Giovanni Nannelli

Personal information
- Date of birth: 17 February 2000 (age 25)
- Place of birth: Empoli, Italy
- Height: 1.74 m (5 ft 9 in)
- Position: Winger

Team information
- Current team: Chievo

Youth career
- 0000–2019: Fiorentina

Senior career*
- Years: Team / Apps / (Gls)
- 2019–2021: Lucchese / 57 / (5)
- 2021–2024: Cesena / 6 / (0)
- 2022: → Montevarchi (loan) / 3 / (0)
- 2022–2023: → Fermana (loan) / 14 / (0)
- 2024–: Chievo / 0 / (0)

= Giovanni Nannelli =

Italian footballer (born 2000)

Giovanni Nannelli (born 17 February 2000) is an Italian professional footballer who plays as a winger for club Chievo.

==Club career==
Born in Empoli, Nannelli started his career in Fiorentina youth sector.

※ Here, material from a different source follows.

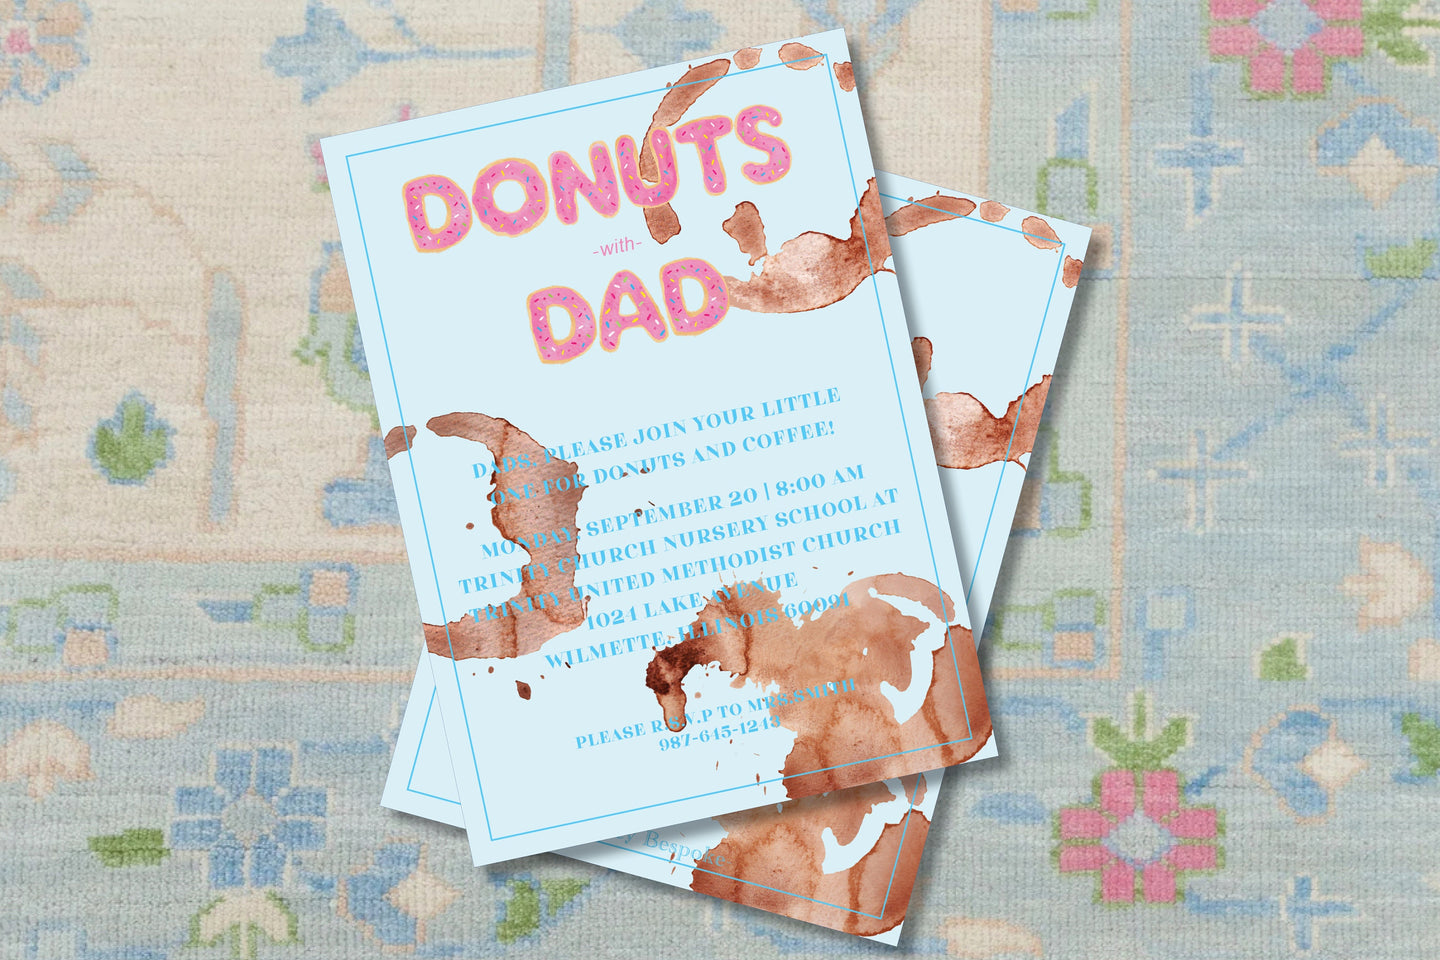 Watercolor Donut Invitation / Donuts With Dad/ Watercolor/ Donut Party/ Doughnut Invitation
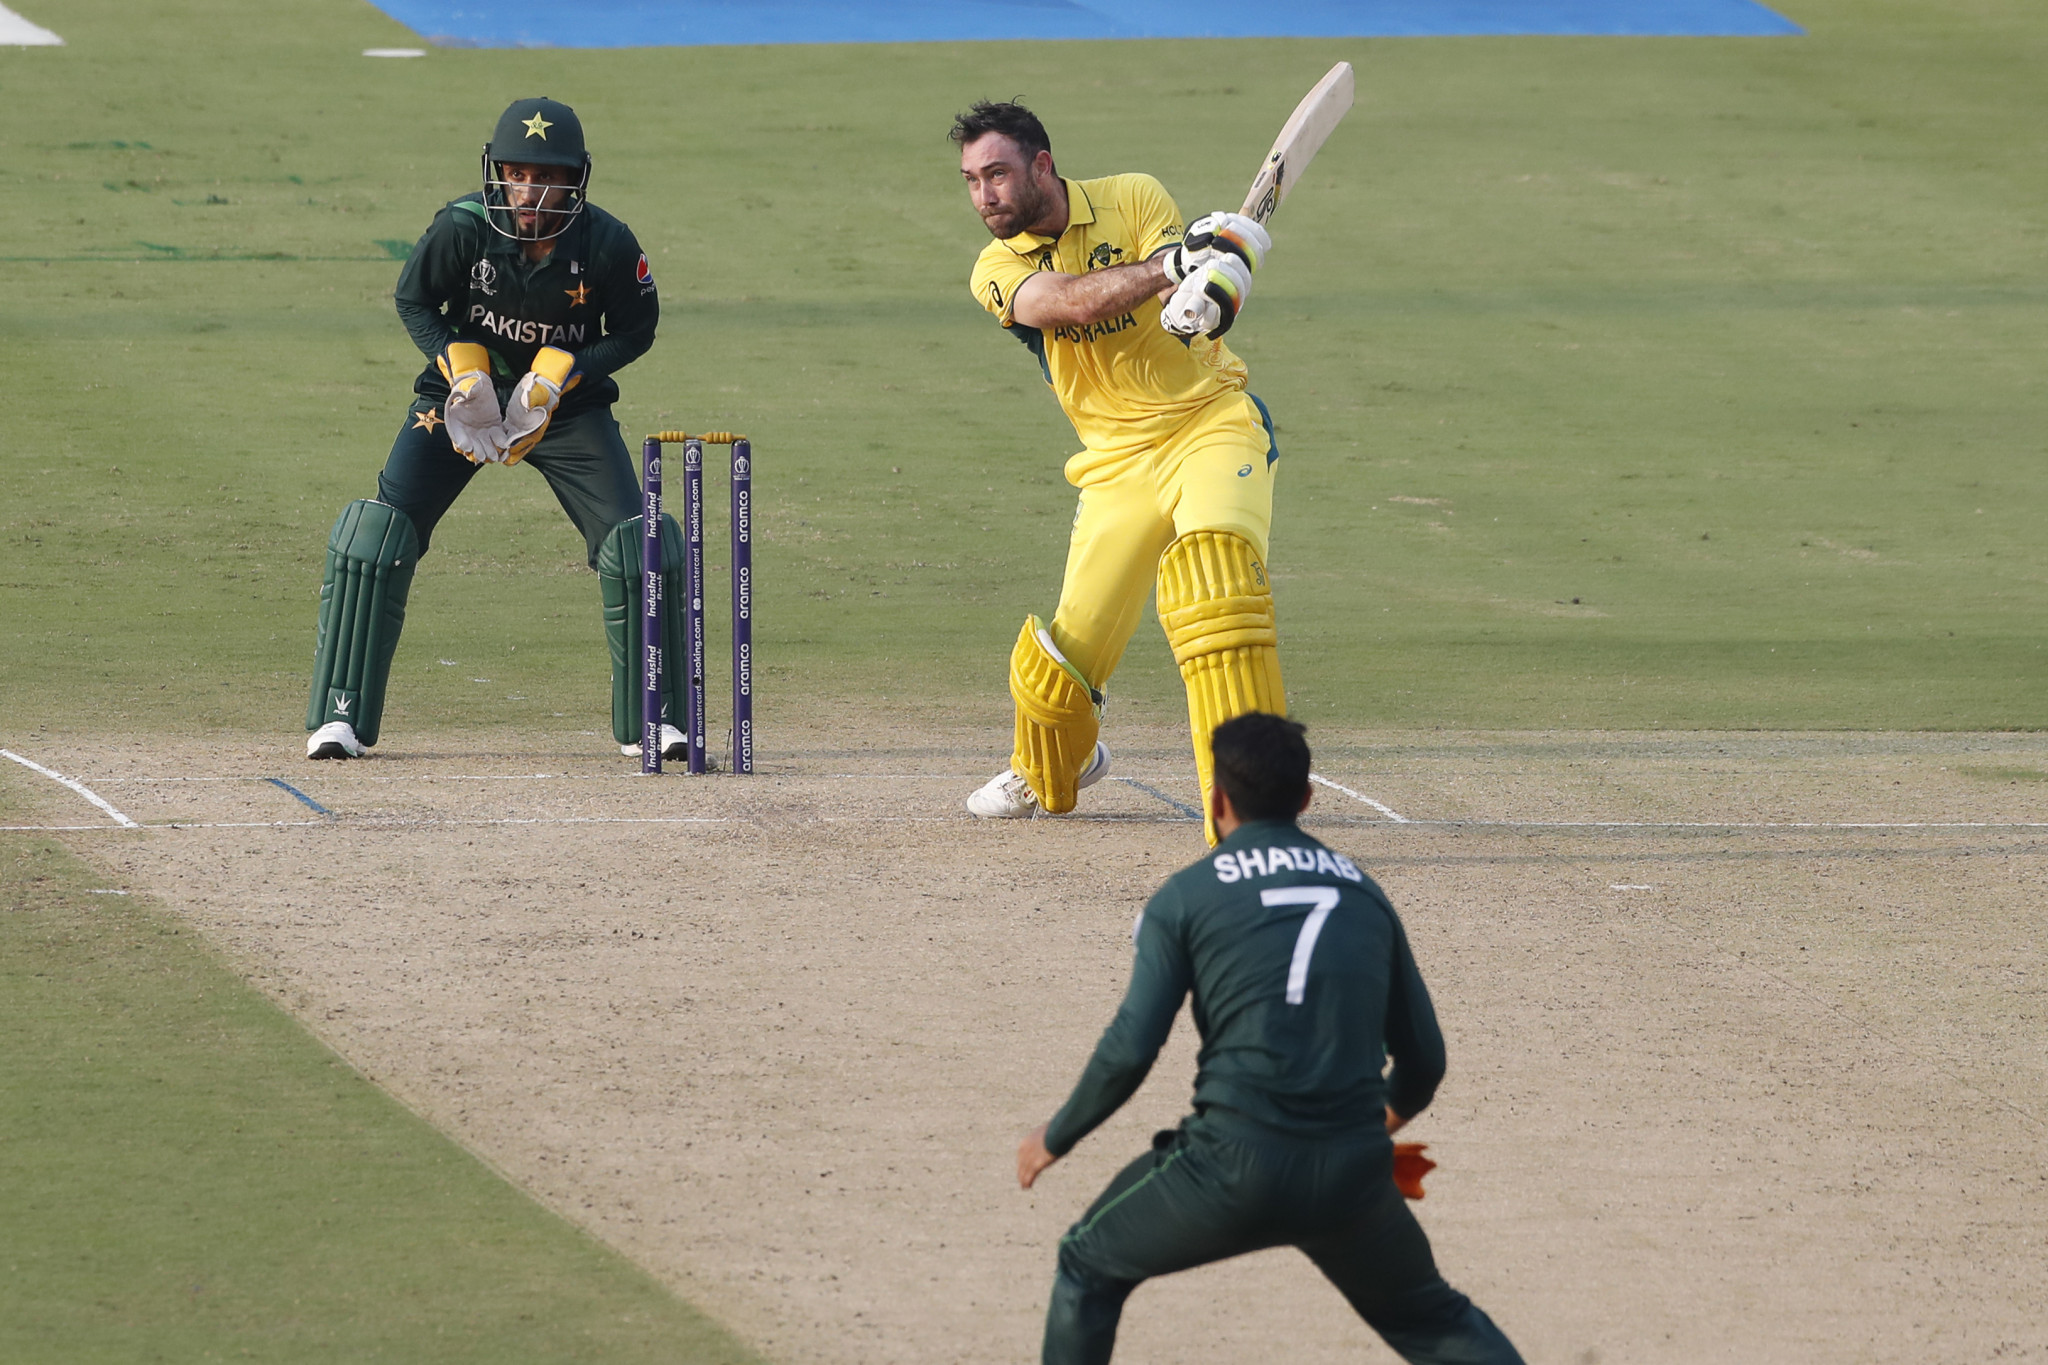 Glenn Maxwell struck 77 for five-time World Cup winners Australia in their final warm up match against Pakistan ©Getty Images

In 2019 he joined Lucchese, on Serie D, he made his senior debut this season and won the promotion to Serie C. Nannelli made his professional debut on 27 September 2020 against Pergolettese.

On 19 July 2021, he signed for Serie C club Cesena.

On 29 January 2022, he moved on loan to Montevarchi. On 1 September 2022, Nannelli was loaned by Fermana.